Pre Helsinki is a new Finnish fashion festival that is currently taking place (22nd-25th May) in the country’s capital city. Organized by Finnish designers along with professionals, the festival hosts international fashion insiders from notable journalists to several foreign buyers.


The aim of the event is to create a connection between young Finnish designers and worldwide fashion leaders; by fashion shows, talks, seminars, parties and presentations, the new brands have the opportunity to be introduced to a wider panorama and to discuss, together with the guests, about trends and different points of view. Realization of the idea of creating a new interchange platform between Finland and the rest of the world has been possible also thanks to Finland Foreign Affair Ministry and Aalto University School of Arts, Design and Architecture special cooperation.
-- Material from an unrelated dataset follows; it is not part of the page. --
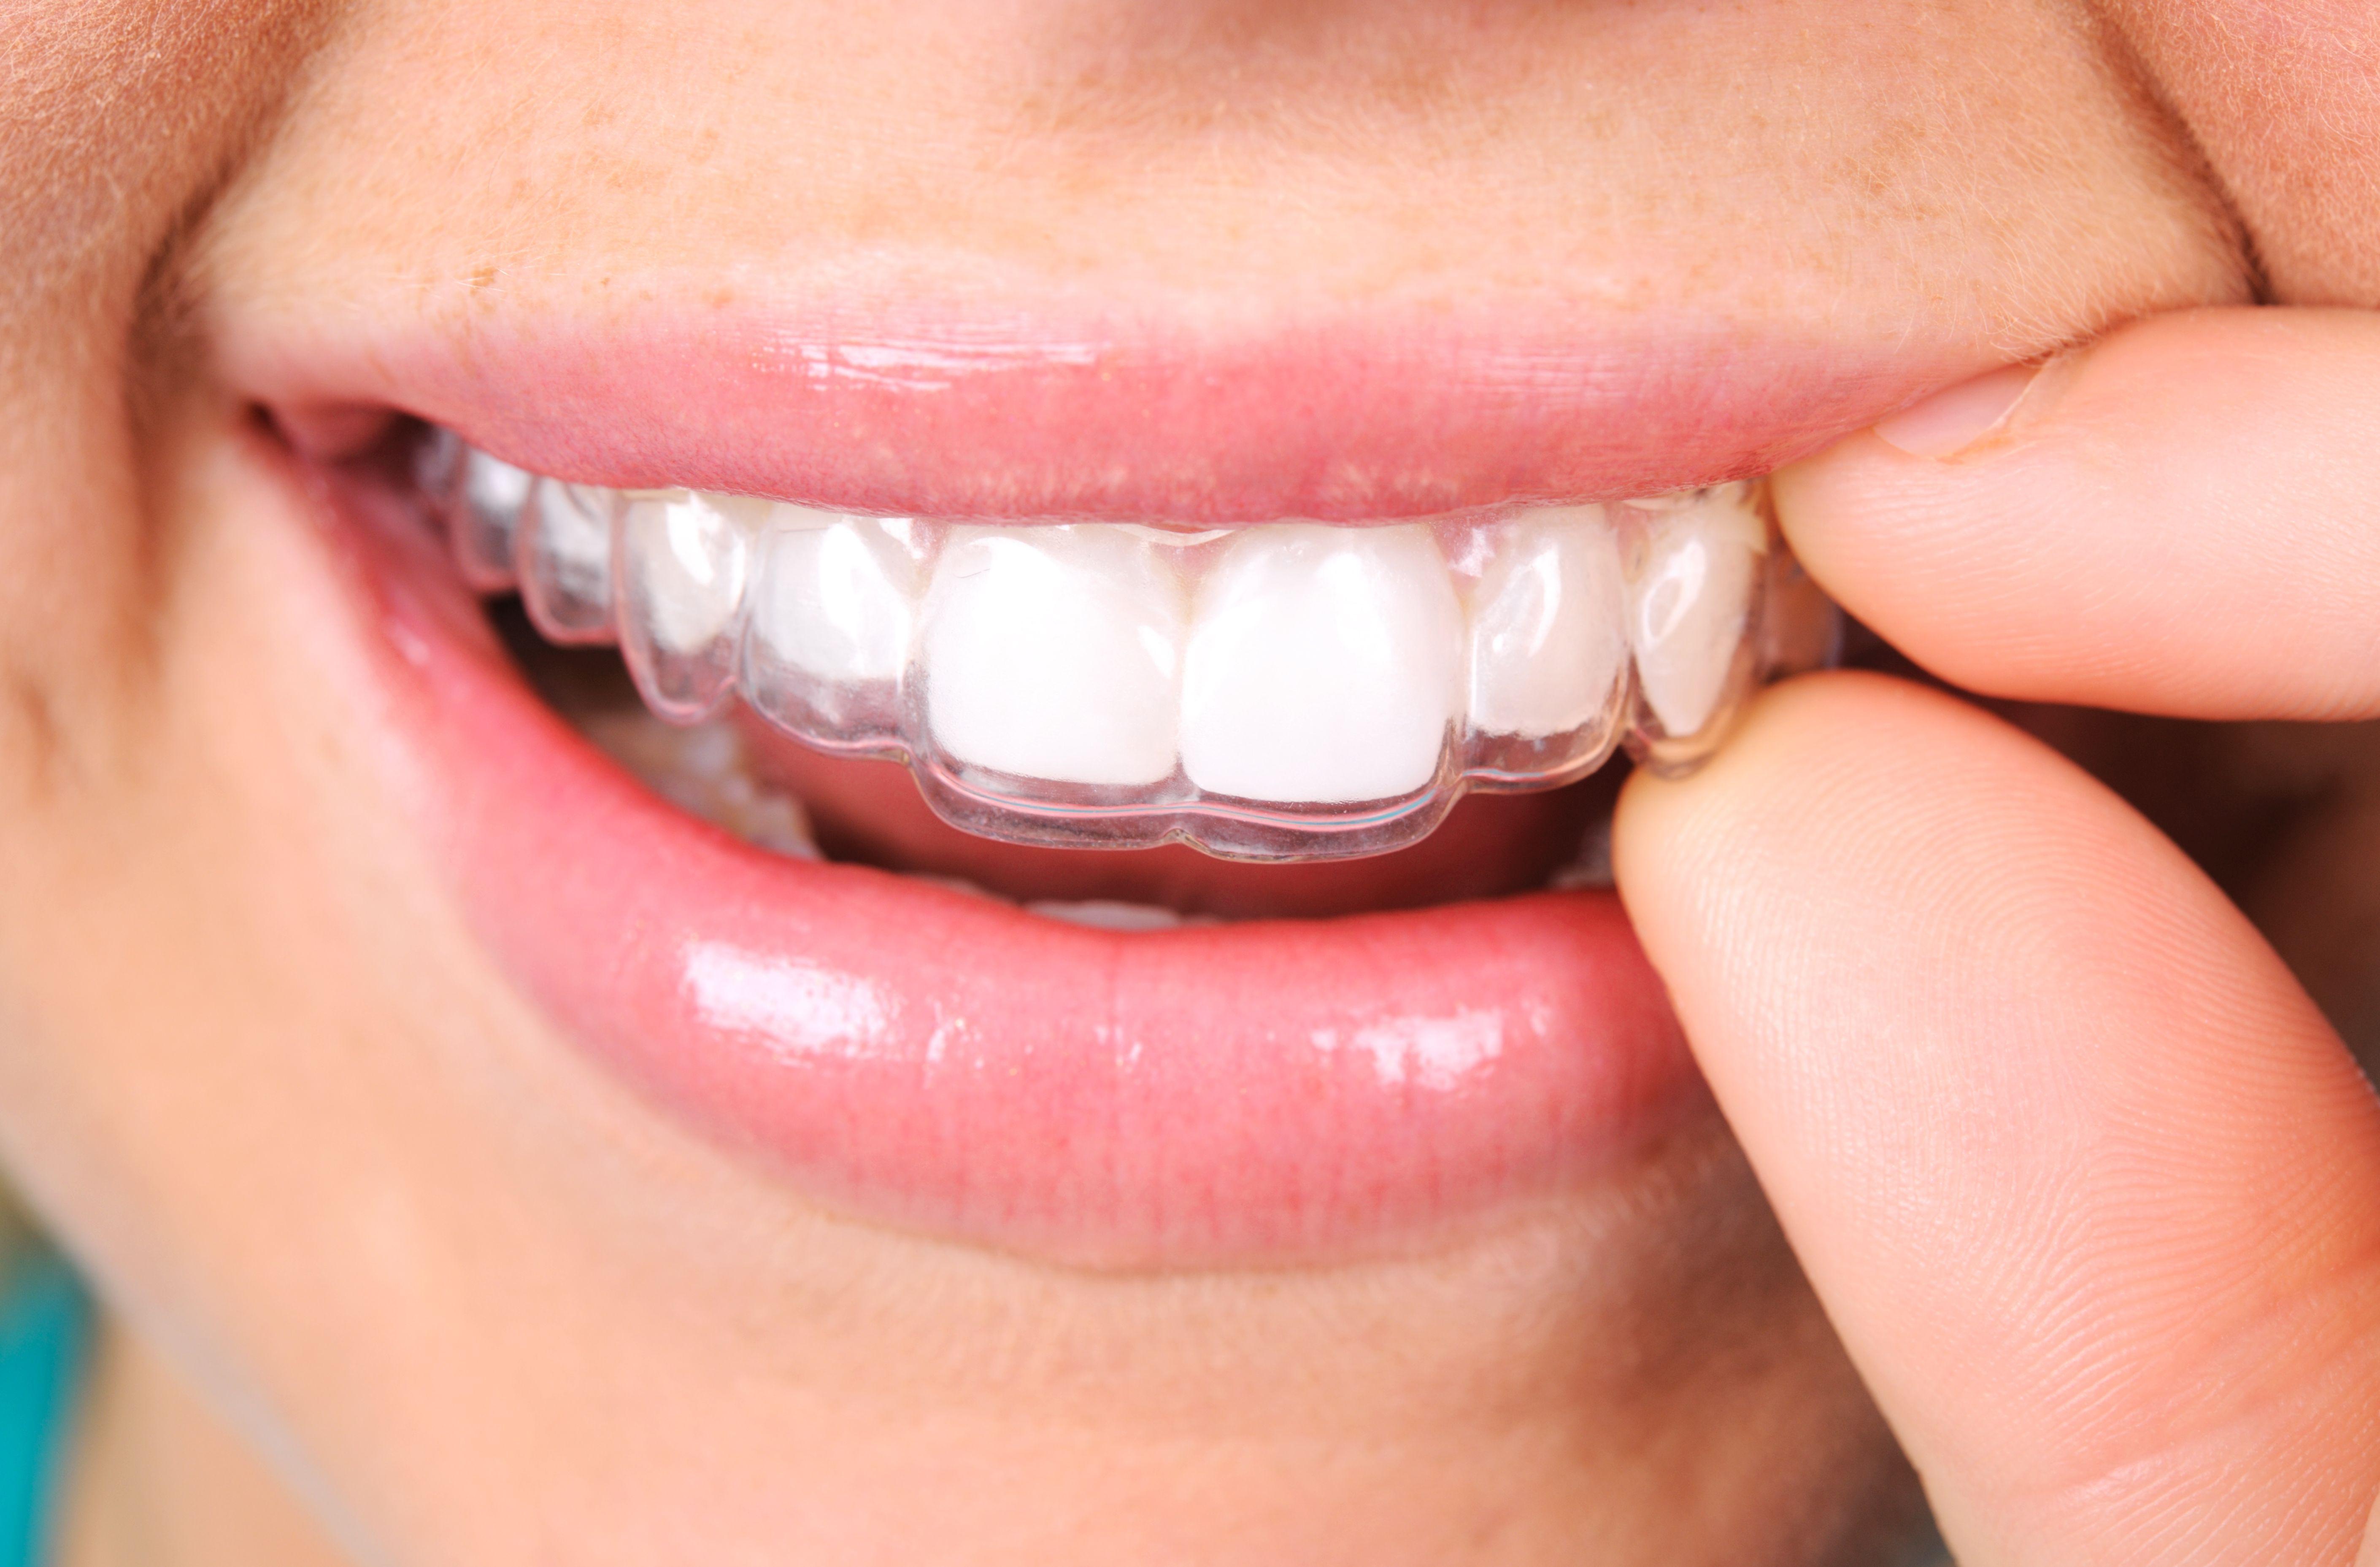 Estética dental: Tratamientos de My Clinic

Along with established designers like Marimekko, Laitinen and Heikki Salonen, also younger talents such as Ensæmble, Saara Lepokorpi and Sasu Kauppi are showing their newest collections, and the newcomer Siloa & Mook is doing a debut in the industry by presenting its first collection. Lately, Finnish fashion is becoming more and more internationally recognized, which is a new phenomenon for a country formally known for its architecture and product design. That’s one of the main reasons why the nation thinks local fashion industry needs to be supported, and experiments new types of events. Talking with Development and Business Relations officer 
Martta Louekari, she says: “Pre Helsinki is neither a traditional sales event, nor a fashion week. The focus of Pre Helsinki is on promoting the internationalization and networking of Finnish designers and fashion brands in a relaxed, yet professional, atmosphere.”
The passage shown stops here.